O sprawdzenie nastrojów rodzimej branży noclegowej po zakończeniu wakacji pokusił się największy polski portal rezerwacyjny Nocowanie.pl. W przeprowadzonej przez niego ankiecie udział wzięło 200 właścicieli obiektów noclegowych z kraju. Najliczniejsza grupa – 39% – ocenia sezon jako średni. „Było źle” stwierdza 21% ankietowanych. Nie brakuje jednak zadowolonych: bardzo dobrze swoje wyniki ocenia 13% respondentów, a dobrze – kolejne 17%.

„Trudno się dziwić rozczarowaniu.
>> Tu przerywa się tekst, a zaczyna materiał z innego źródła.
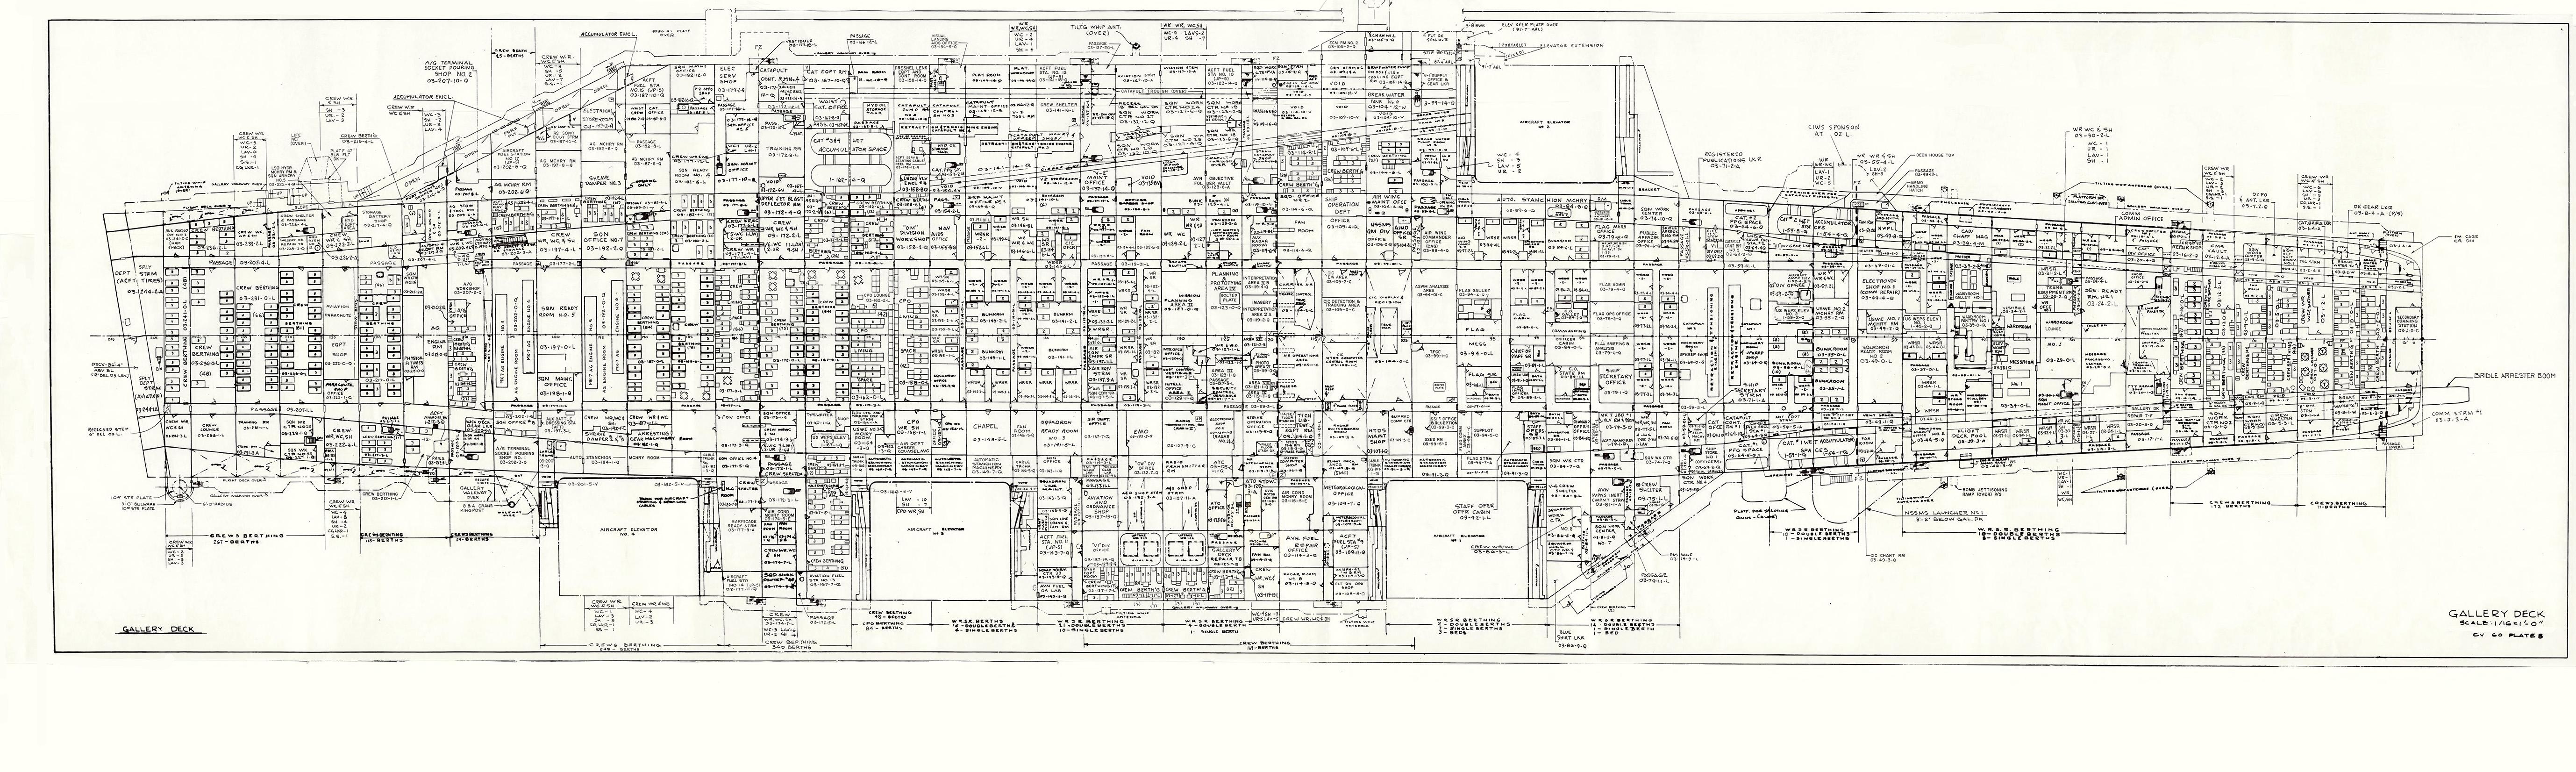 Aircraft Carrier Floor Plan Hms Queen Elizabeth

Dopisała znakomita pogoda, od której najczęściej uzależnione są wyniki rodzimej branży. Były więc podstawy, żeby spodziewać się lepszego obłożenia – podkreśla Agnieszka Rzeszutek, ekspert Nocowanie.pl. – Tym bardziej, że świadomi silnej konkurencji, i tej w kraju, i tej za granicą, właściciele aktywnie zabiegali o gości” – podkreśla.

Za najskuteczniejsze swoje działania ankietowani uznali promocje cenowe – 36% respondentów, reklamę w mediach społecznościowych 21% oraz reklamę w wyszukiwarkach 21%.
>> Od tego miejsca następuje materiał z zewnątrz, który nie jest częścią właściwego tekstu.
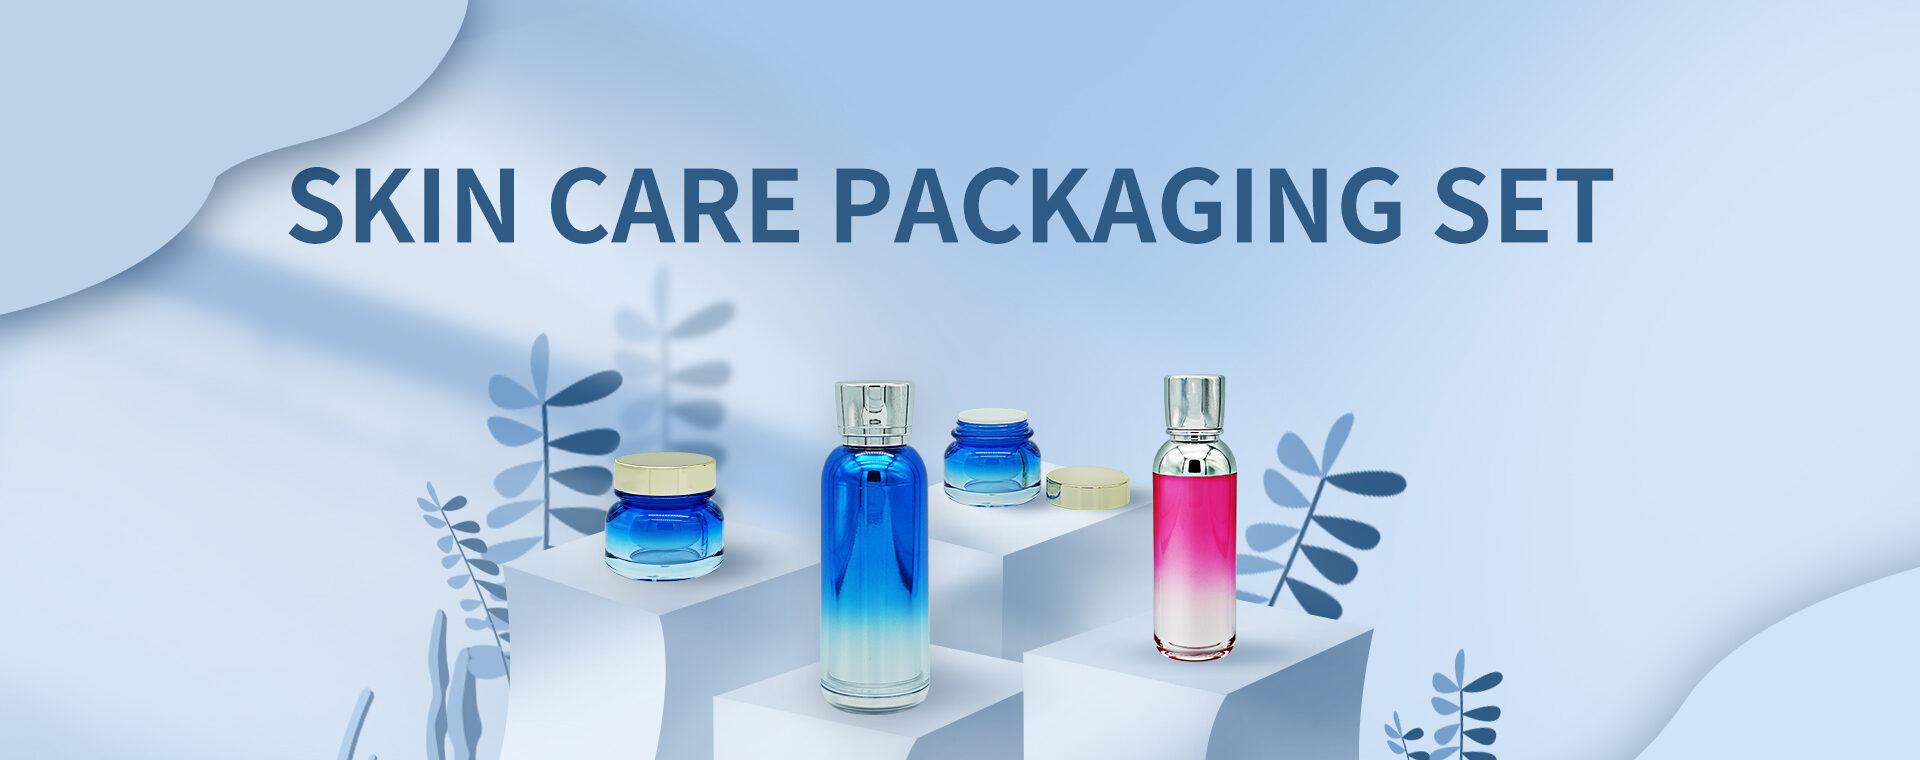 Skin Care Packaging Set

Badani zabiegali o turystów, utrzymując ceny na zeszłorocznym poziomie (59%), a nawet obniżając ceny (15%). Jeszcze przed sezonem zainwestowali w atrakcje i udogodnienia dla różnych grup docelowych. Ci, którzy liczyli na obecność rodzin, stworzyli dodatkowe atrakcje dla dzieci – 21%, czy rodzinne strefy relaksu – 14%. Z kolei ci, którzy chcą przyciągnąć dorosłych inwestowali w udogodnienia takie jak sauna czy jacuzzi – 9% ankietowanych.

„Jak podkreślają uczestnicy badania, sposobem na przyciągnięcie gości była też zmiana polityki dotyczącej długości rezerwacji, którą wymusił trend skróconych wyjazdów – zauważa Agnieszka Rzeszutek. – Aż 60% ankietowanych przyznaje, że goście zatrzymywali się u nich na zaledwie 3-5 nocy” – podkreśla. Kolejne 16% podejmowało turystów na jeszcze krótsze pobyty – zaledwie jednodniowe lub dwudniowe. Żaden z respondentów nie odnotował pobytów dłuższych niż tydzień.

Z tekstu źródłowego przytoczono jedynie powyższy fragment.